According to a study by three Asian-based scholars, there is some evidence that putting women on boards helps the share price. Their working paper uses data on mandatory announcements of new director appointments, and the analysis shows that on average, "shareholders value additions of female directors more than they value additions of male directors". Moreover, companies with workplace practices that promote workplace equality seem to benefit the most from boardroom gender diversity. "This suggests that appointing female directors may help resolve value-decreasing stakeholder conflicts," they conclude.

This isn't just another study. The leader of the research, Renée Adams at the University of Queensland, was author of a related study a couple of years ago that showed rather mixed messages coming for woman on boards. Simplifying a subtle argument a bit too much, they found gender-diverse boards were better at monitoring but less good at strategising.

Source document: The working paper "Does Gender Matter in the Boardroom? Evidence from the Market Reaction to Mandatory New Director Announcements," by Renée Adams and Stephen Gray of the University of Queensland and John Nowland of City University in Hong Kong, is a 55-page pdf file.
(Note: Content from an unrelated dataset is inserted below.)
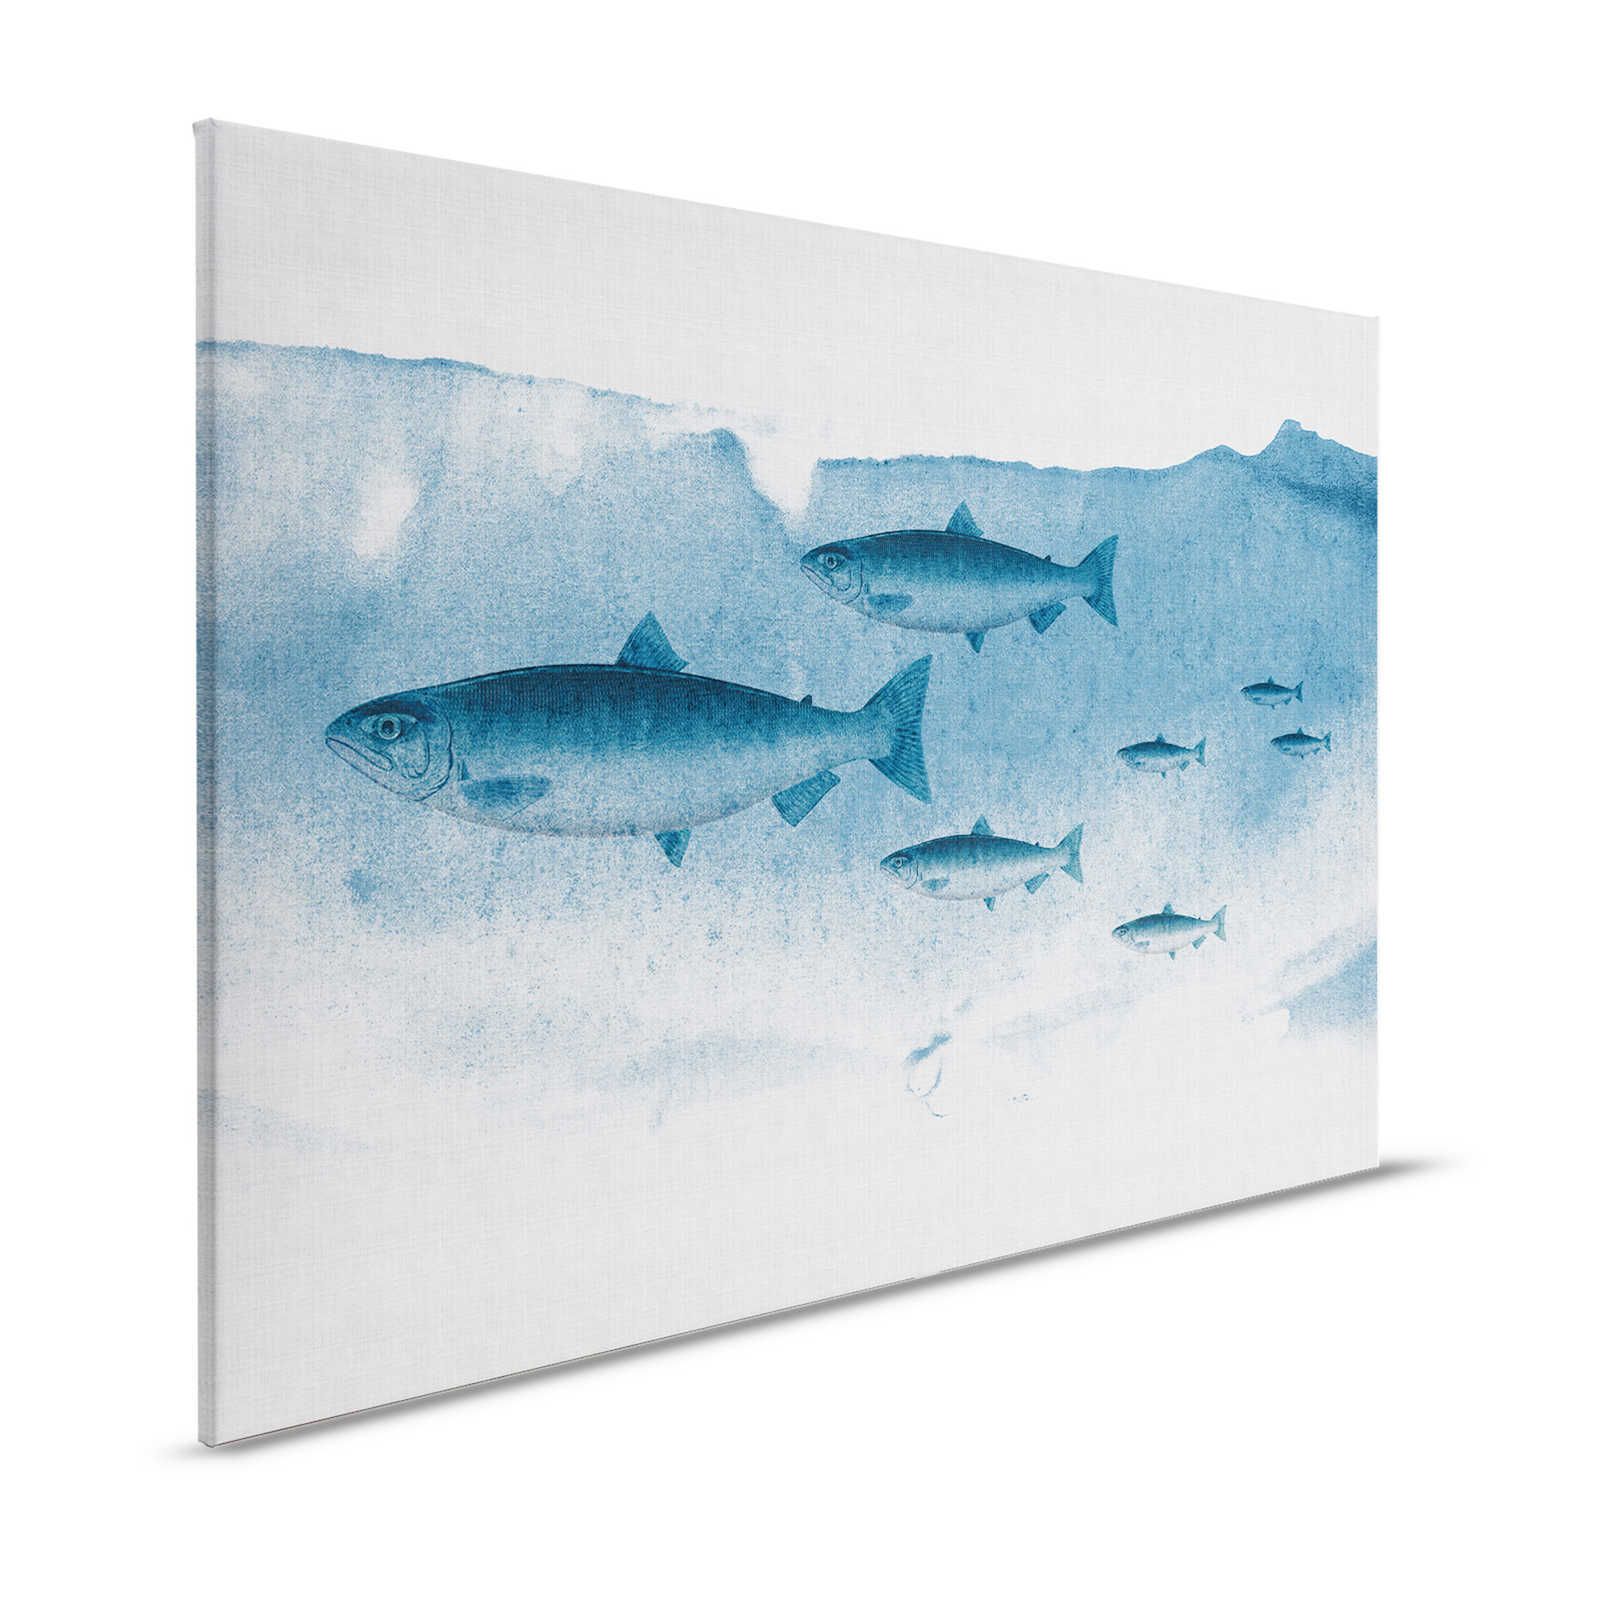 Into the blue 1 - Fish watercolour in blue as a canvas picture in natural linen look - 1.20 m x 0.80 m
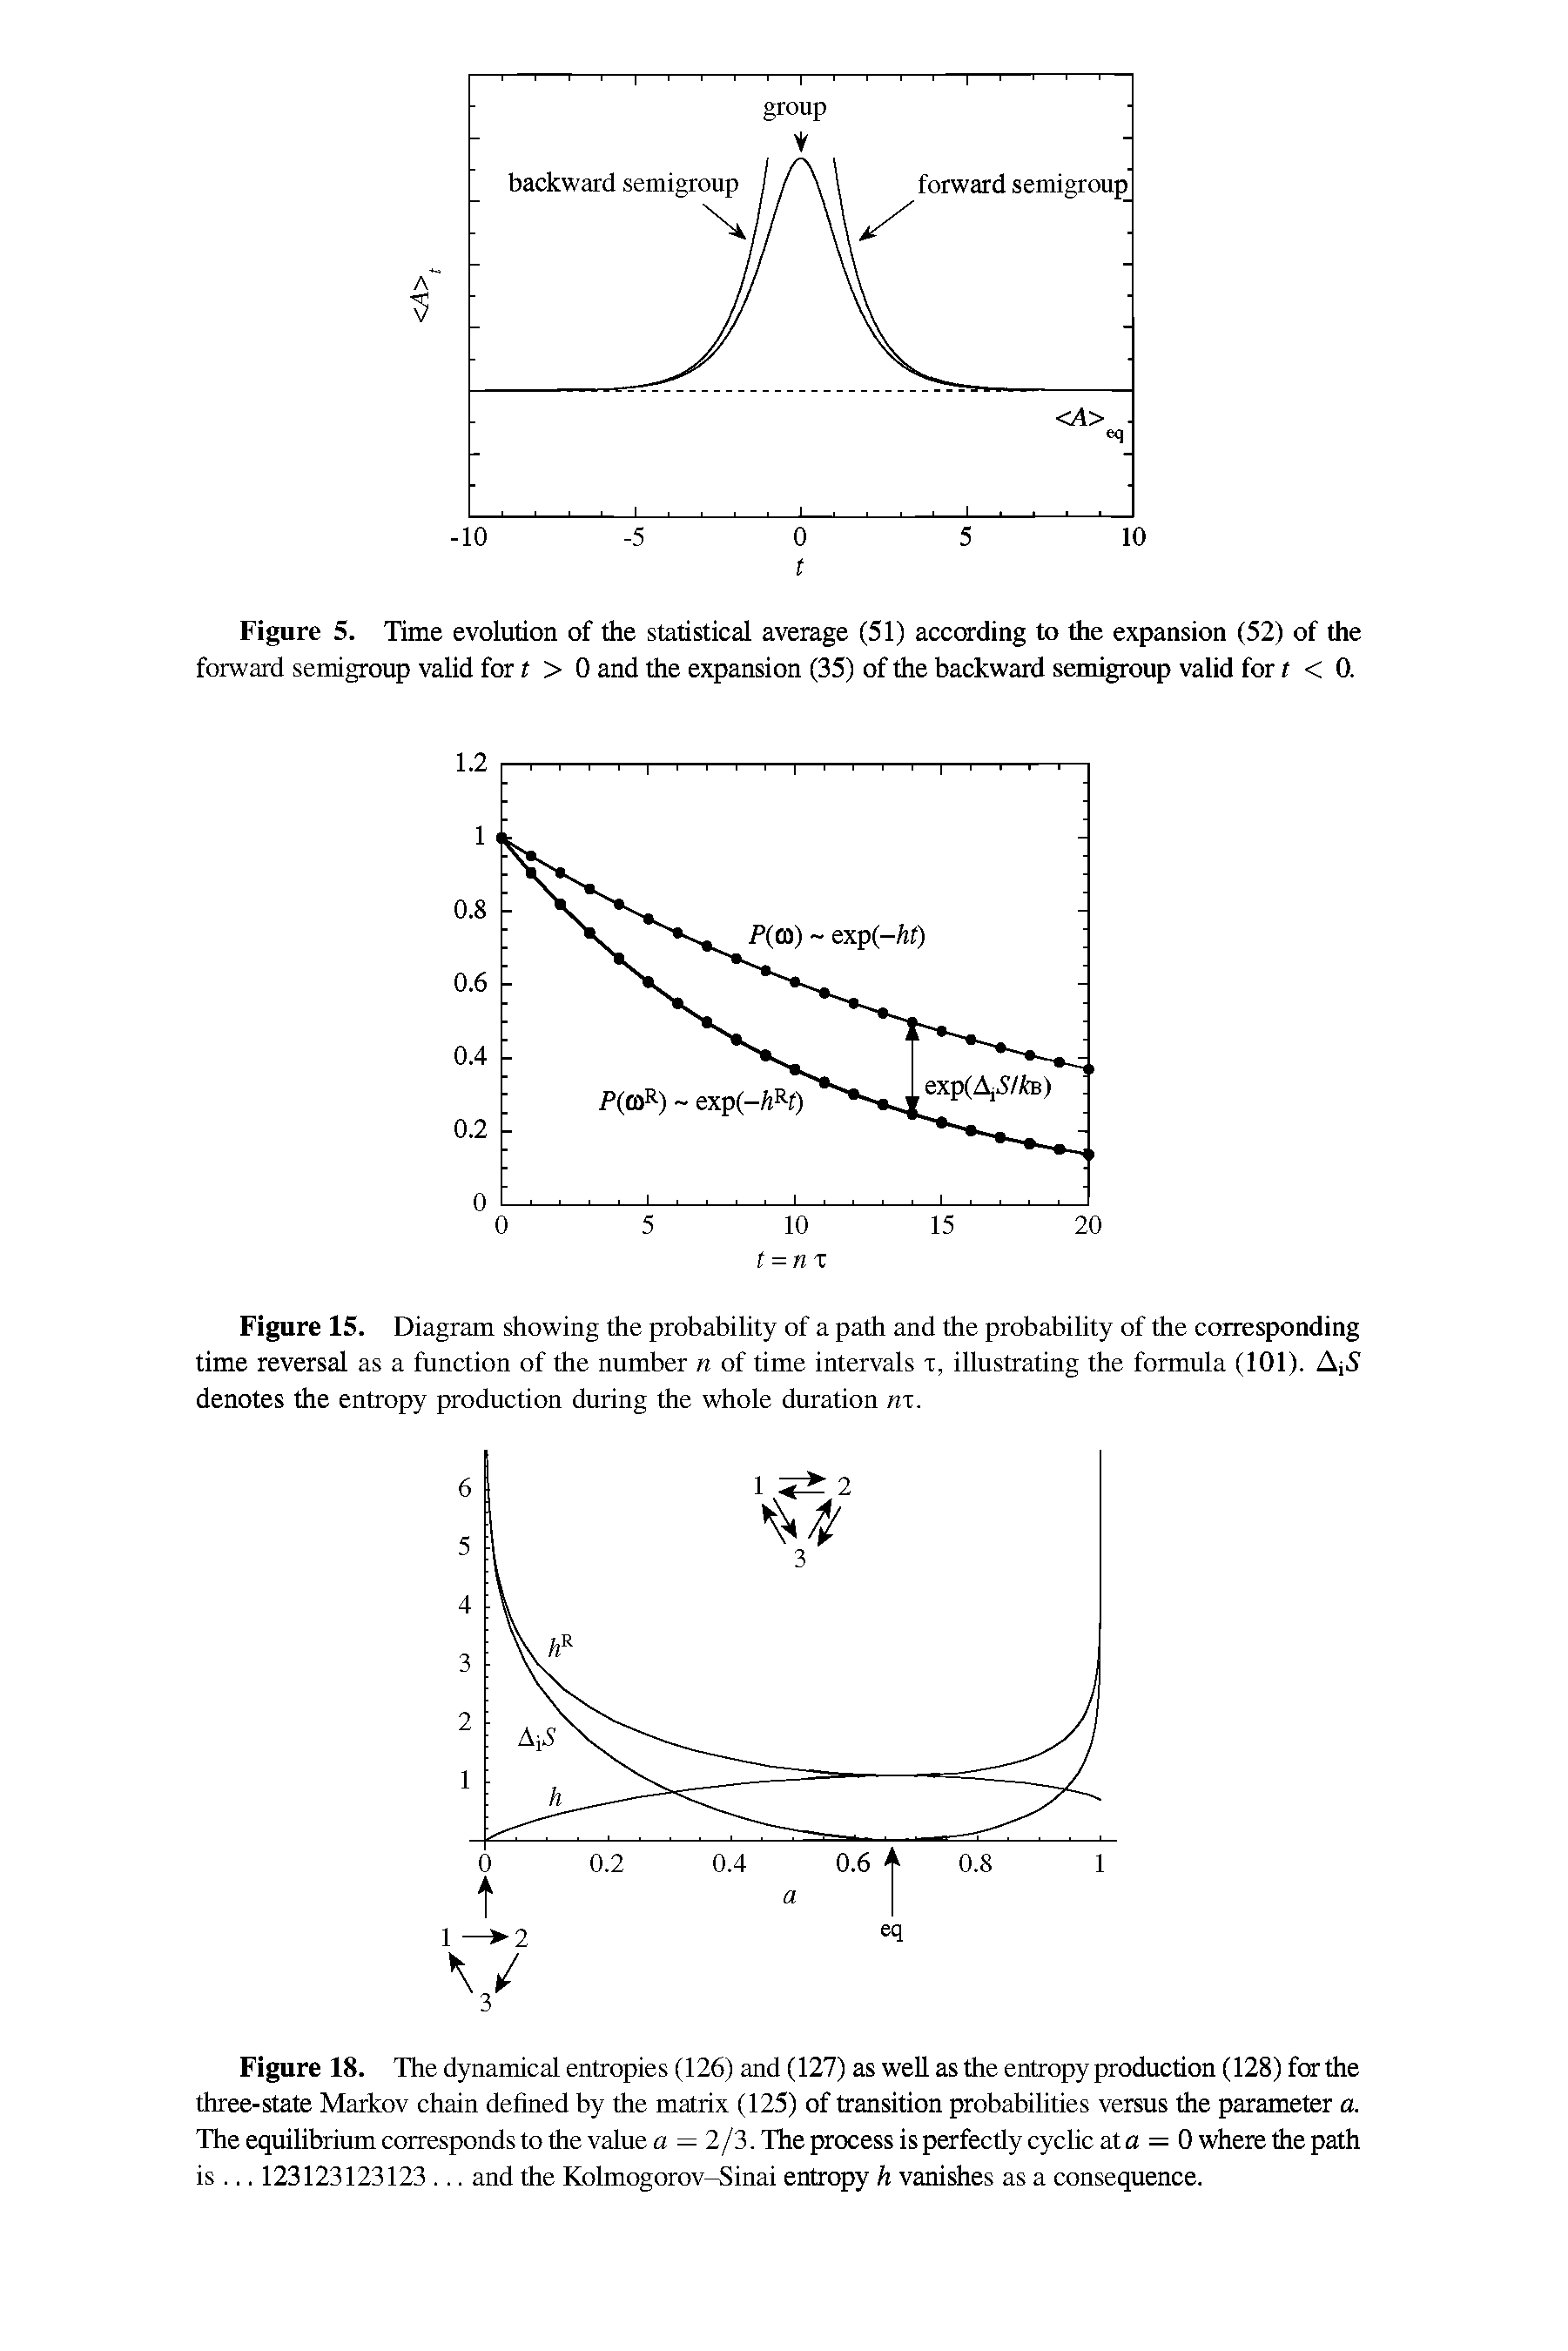 Figure 18. The dynamical entropies (126) and (127) as well as the entropy production (128) for the three-state Markov chain defined by the matrix (125) of transition probabilities versus the parameter a. The equilibrium corresponds to the value a = 2j3. The process is perfectly cyclic at a = 0 where the path is. .. 123123123123. .. and the Kolmogorov-Sinai entropy h vanishes as a consequence.

What good are independent directors?

Some good, and possibly quite a lot. A study of German companies, focused on the role that outside directors play on supervisory boards, threw up evidence that for innovation, the right outsiders can bring a lot of benefit. Three academics examined the patent applications of innovative companies to see if there was a link to the configuration of the boards. Supervisory boards can be quite distant from the business. They have no representation of senior management. Moreover, the German variety must also have half the seats in the hands of members of the ordinary workforce. So logically, you might think, such boards would serve a narrow, compliance function. That's not the place to expect to see new ideas getting knocked around, leading to the occasional stunning breakthrough. But this study shows a rather different story. Based on panel data of the largest German companies the econometric analysis they found a "robust and significant positive influence of external executives on innovative firm performance", as measured by patent applications. When the outside directors came from innovative companies patenting activities were higher. When people from non-innovative companies dominate, the opposite occurs. "The results indicate that outside board memberships can serve as a channel for scarce specific knowledge and expertise," they conclude. It's a conclusion a lot of directors would like to believe, too.

Source document: The research paper "Outside Directors on the Board and Innovative Firm Performance," by Benjamin Balsmeier , Achim Buchwald and Joel Stiebale of Nottingham University Business School, is a 50-page pdf file.